__What is being asked__
Return the full listing unchanged, excluding any images it contains.
BEGIN Provided data
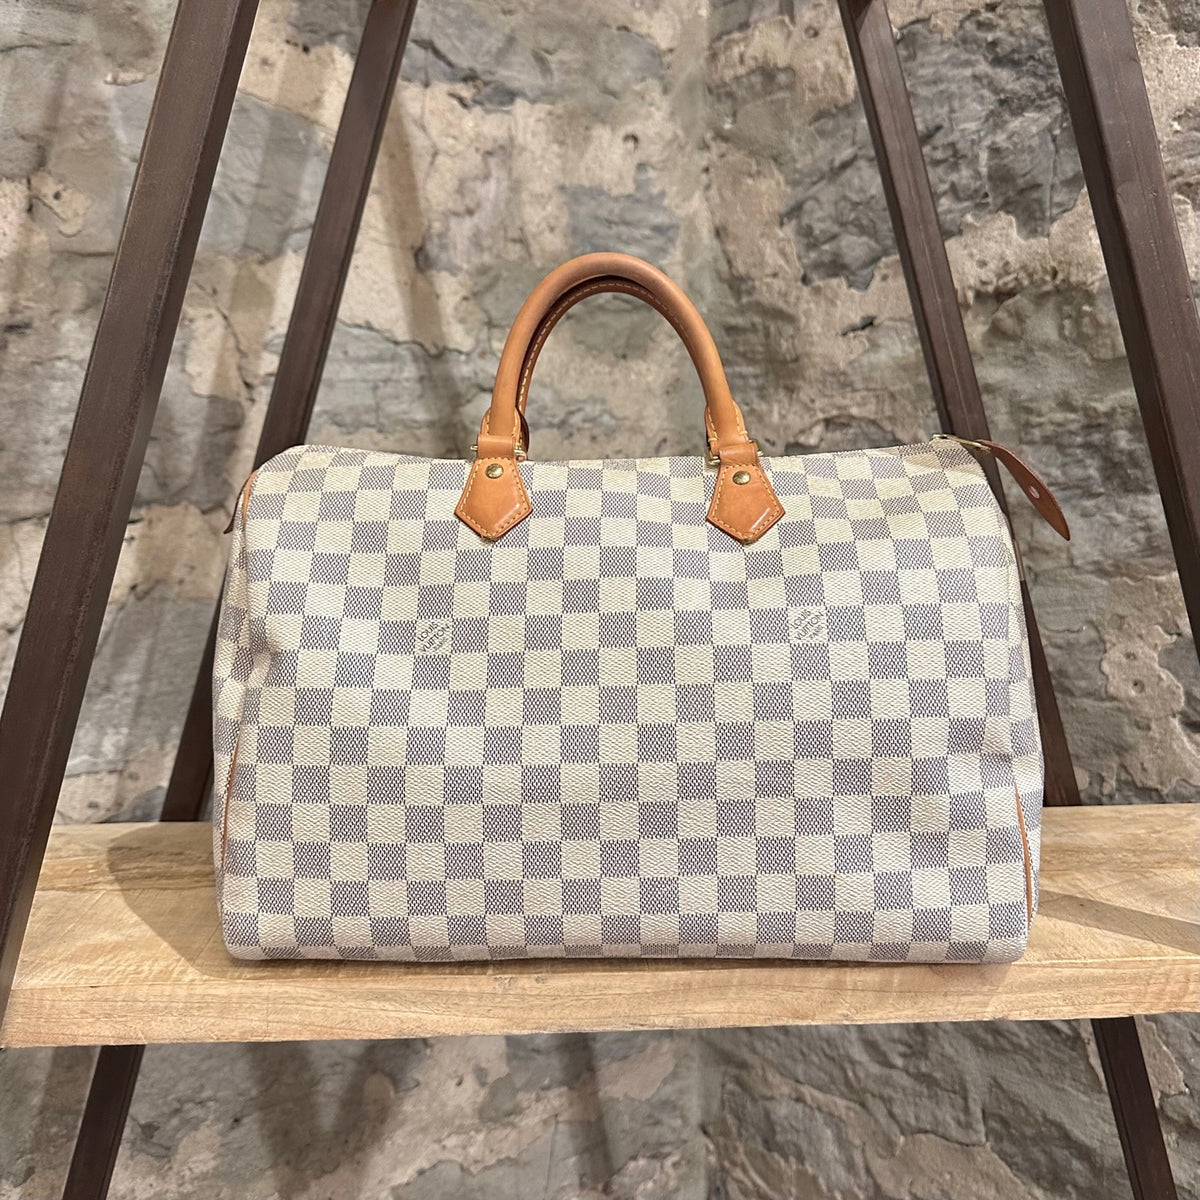 Louis Vuitton Speedy 35 Damier Azur Satchel Bag
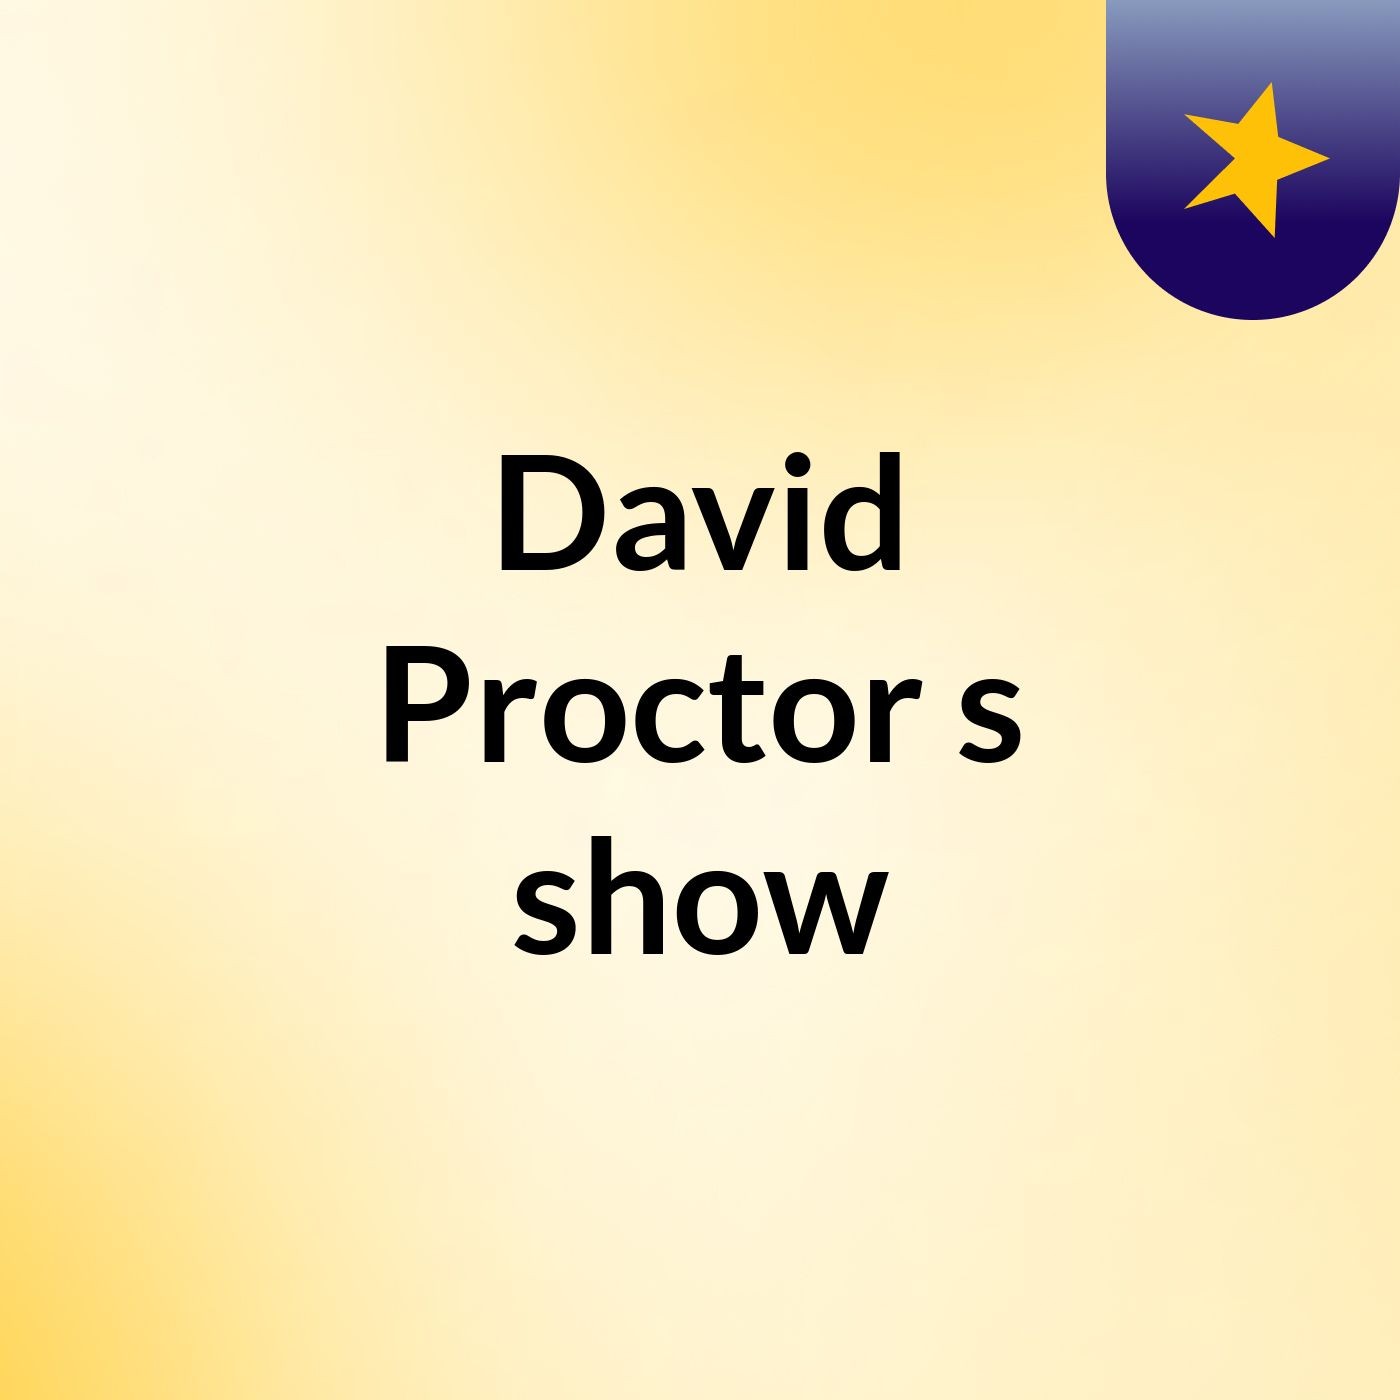 David Proctor's show
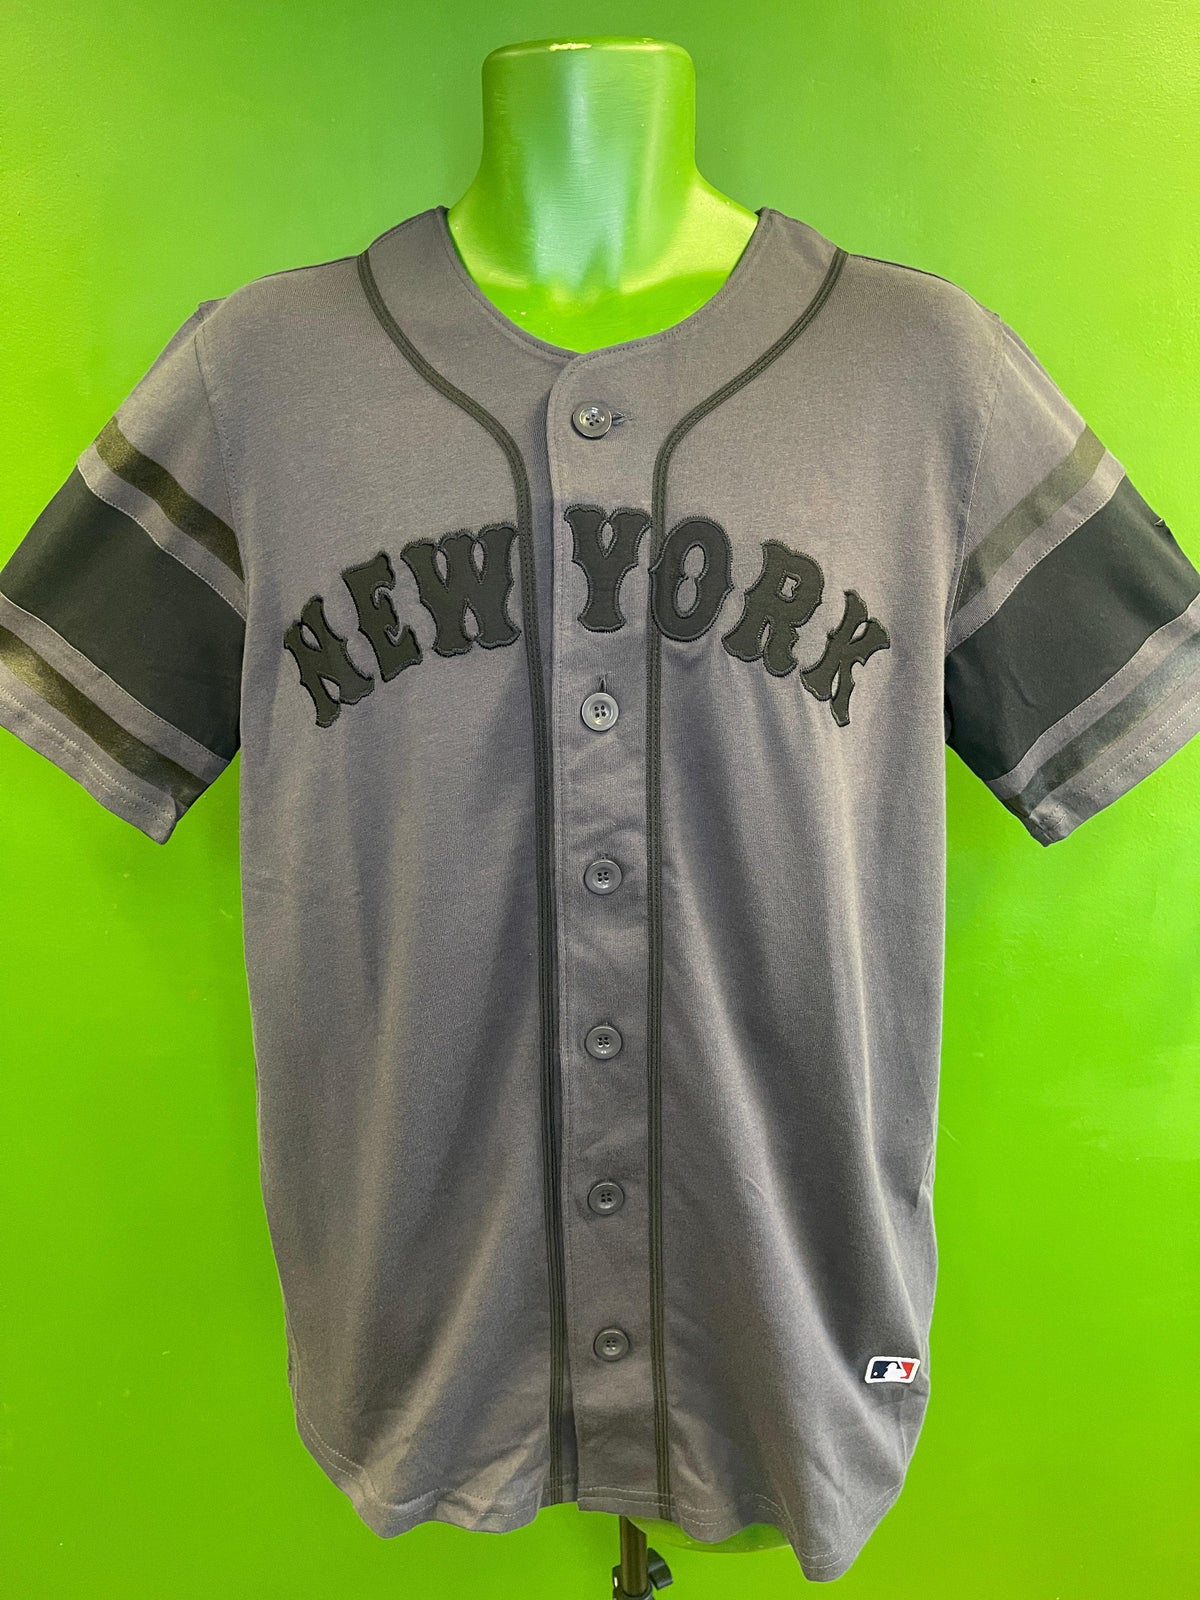 MLB New York Yankees 100% Cotton Monochrome Team Jersey Men's Medium NWT
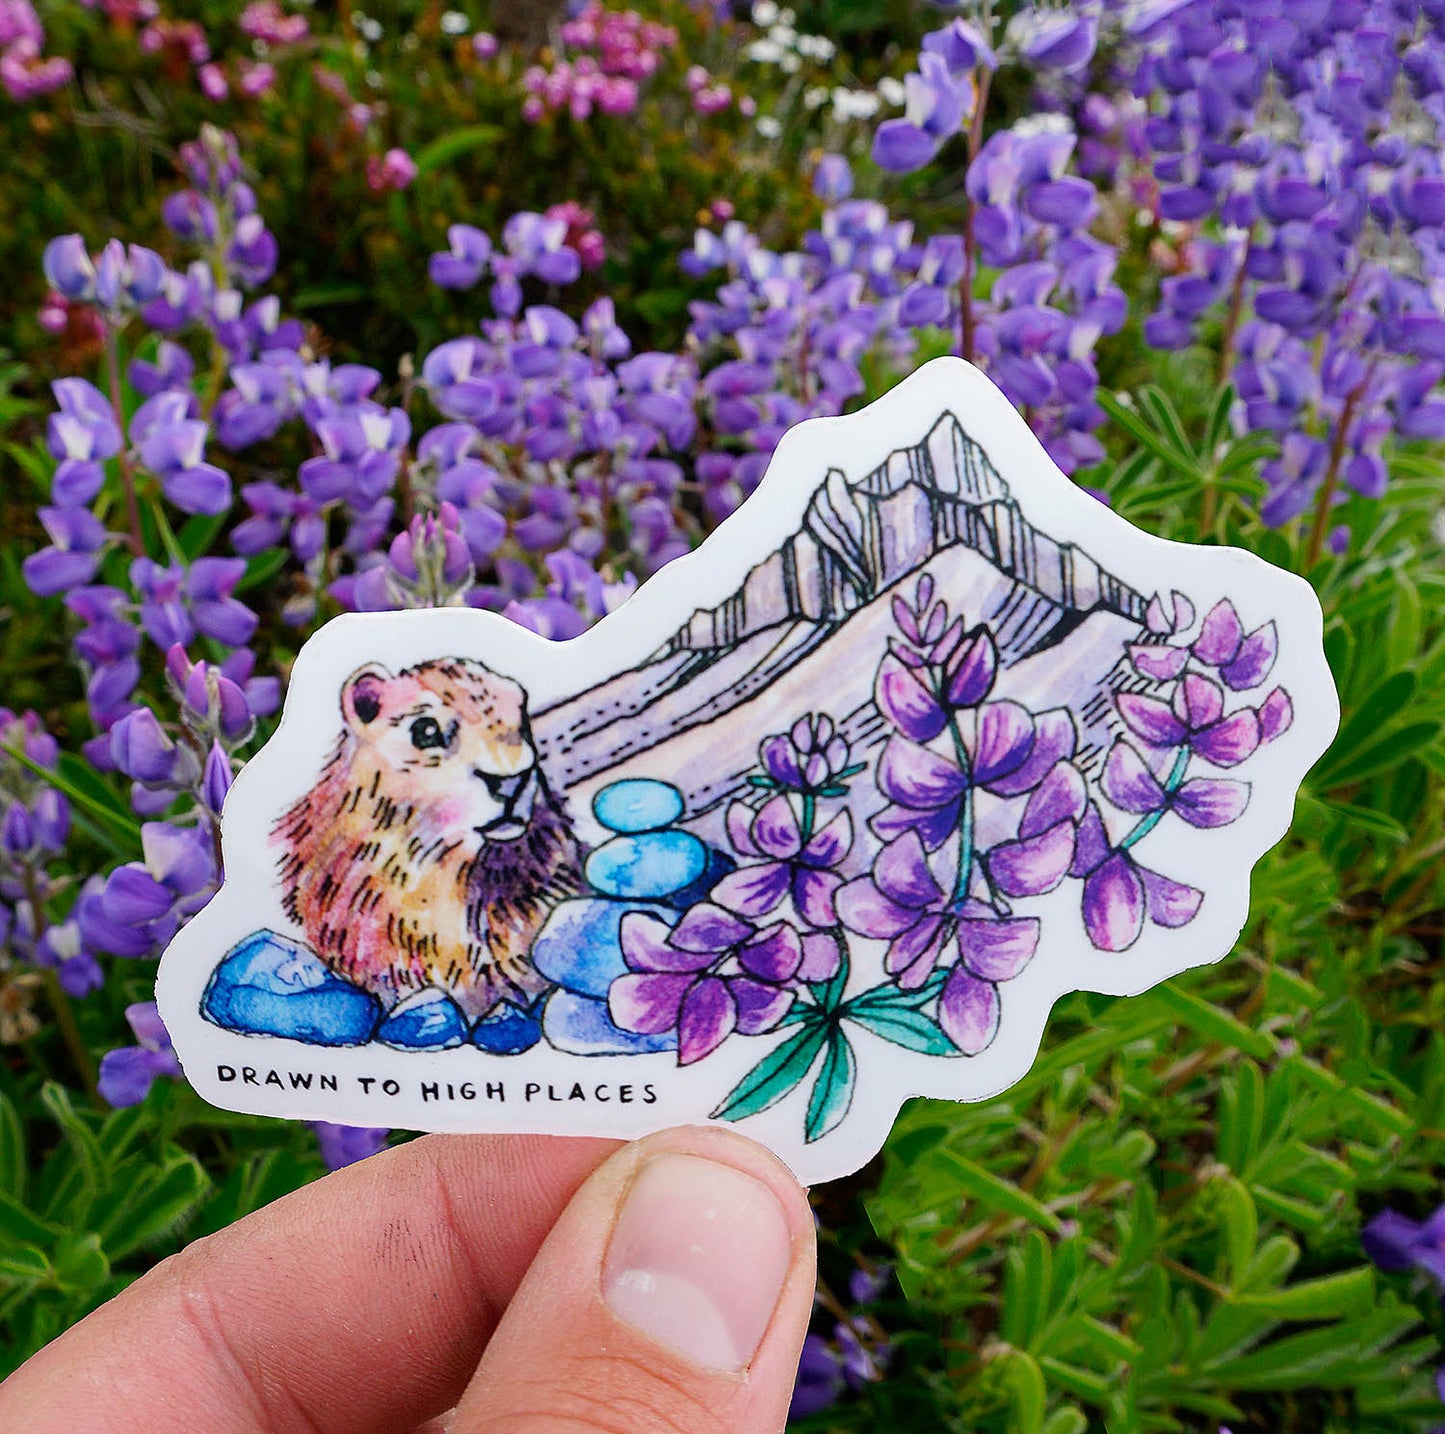 Marmot Sticker
END Provided data
__Solution for this exercise__
 Louis Vuitton Speedy 35 Damier Azur Satchel Bag
 David Proctor's show
 MLB New York Yankees 100% Cotton Monochrome Team Jersey Men's Medium NWT
 Marmot Sticker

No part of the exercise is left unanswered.